BEGIN Records for the exercise

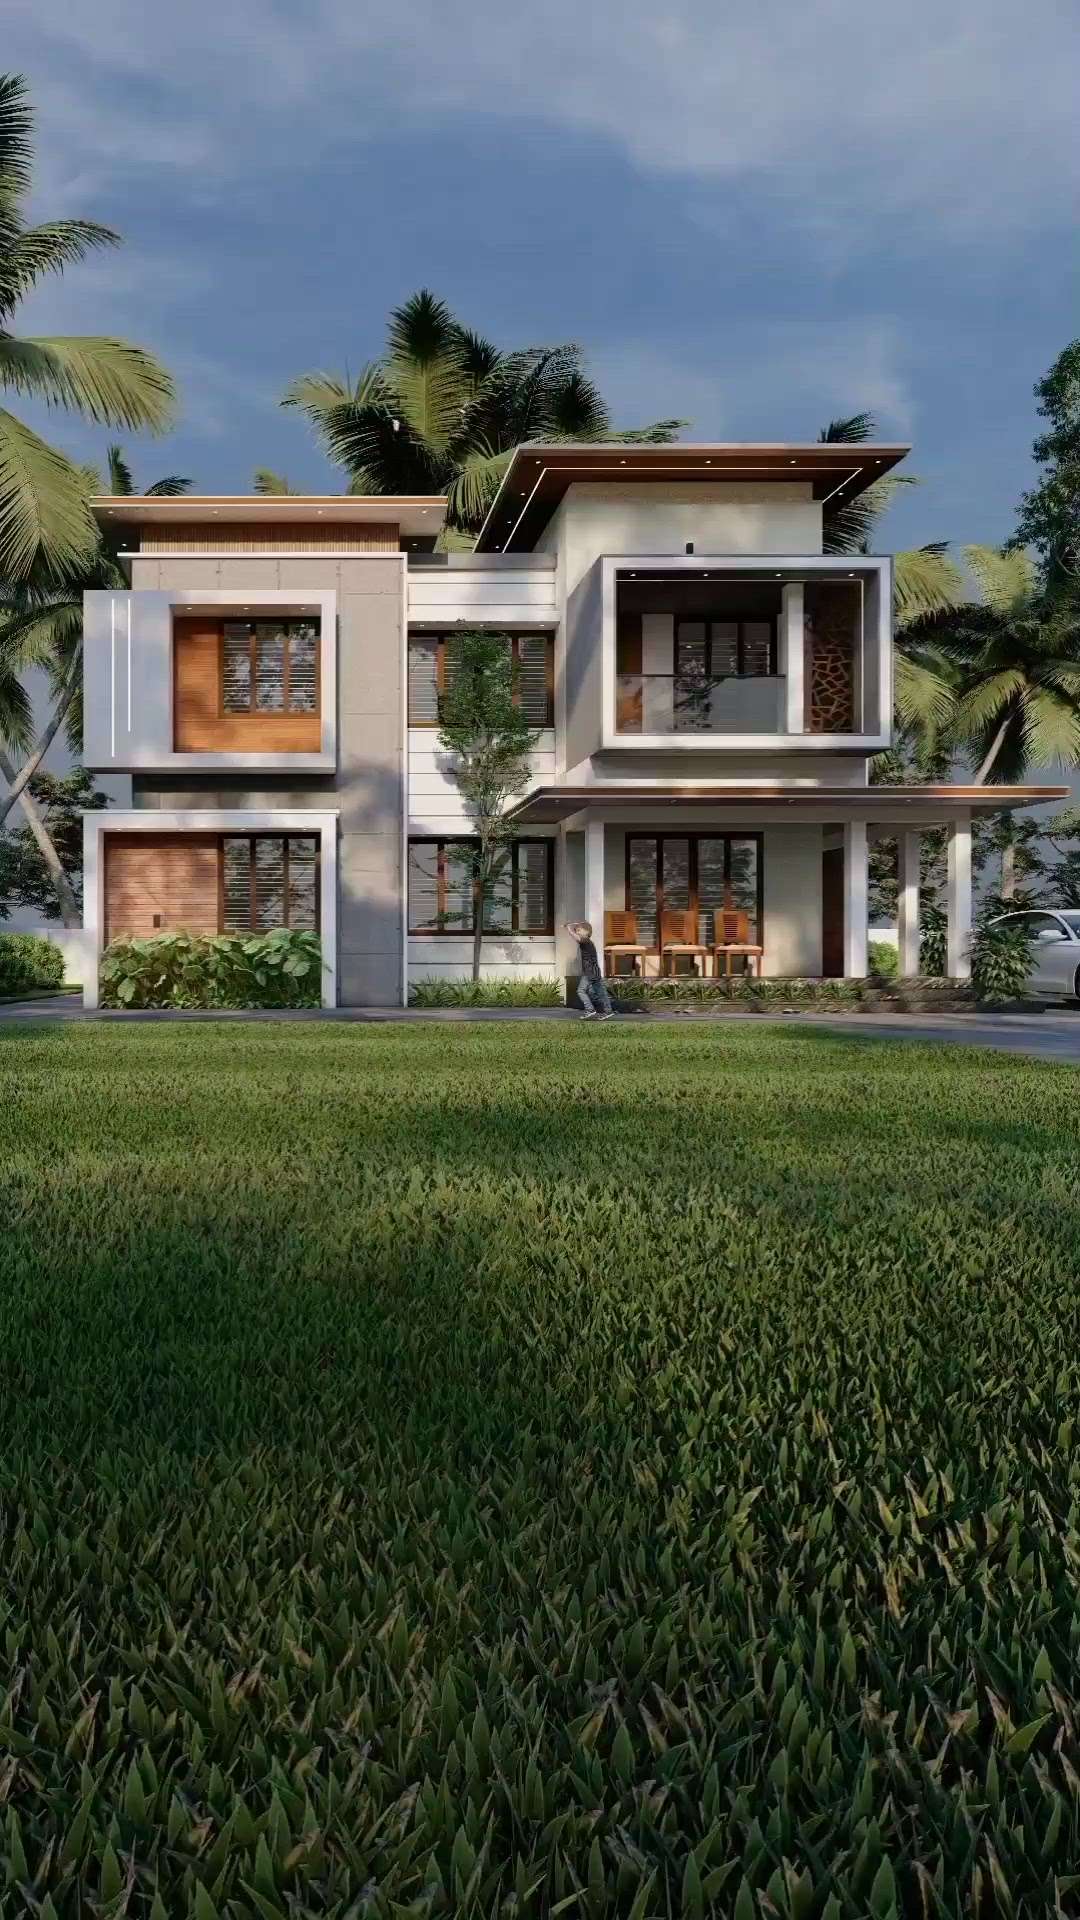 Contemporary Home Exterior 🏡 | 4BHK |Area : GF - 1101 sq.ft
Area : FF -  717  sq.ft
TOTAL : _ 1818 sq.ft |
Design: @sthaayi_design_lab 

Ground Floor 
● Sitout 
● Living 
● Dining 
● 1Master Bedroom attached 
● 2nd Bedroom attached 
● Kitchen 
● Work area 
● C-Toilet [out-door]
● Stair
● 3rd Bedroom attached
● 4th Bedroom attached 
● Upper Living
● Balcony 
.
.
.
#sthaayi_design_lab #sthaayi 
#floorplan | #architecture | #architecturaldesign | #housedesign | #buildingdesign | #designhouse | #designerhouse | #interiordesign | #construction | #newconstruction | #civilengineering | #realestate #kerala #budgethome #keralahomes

END Records for the exercise

### What you need to do
Reproduce, with both ends included, the lines from the one holding "TOTAL : _ 1818 sq.ft |" to the end of the records above.

### Written solution
TOTAL : _ 1818 sq.ft |
Design: @sthaayi_design_lab 

Ground Floor 
● Sitout 
● Living 
● Dining 
● 1Master Bedroom attached 
● 2nd Bedroom attached 
● Kitchen 
● Work area 
● C-Toilet [out-door]
● Stair
● 3rd Bedroom attached
● 4th Bedroom attached 
● Upper Living
● Balcony 
.
.
.
#sthaayi_design_lab #sthaayi 
#floorplan | #architecture | #architecturaldesign | #housedesign | #buildingdesign | #designhouse | #designerhouse | #interiordesign | #construction | #newconstruction | #civilengineering | #realestate #kerala #budgethome #keralahomes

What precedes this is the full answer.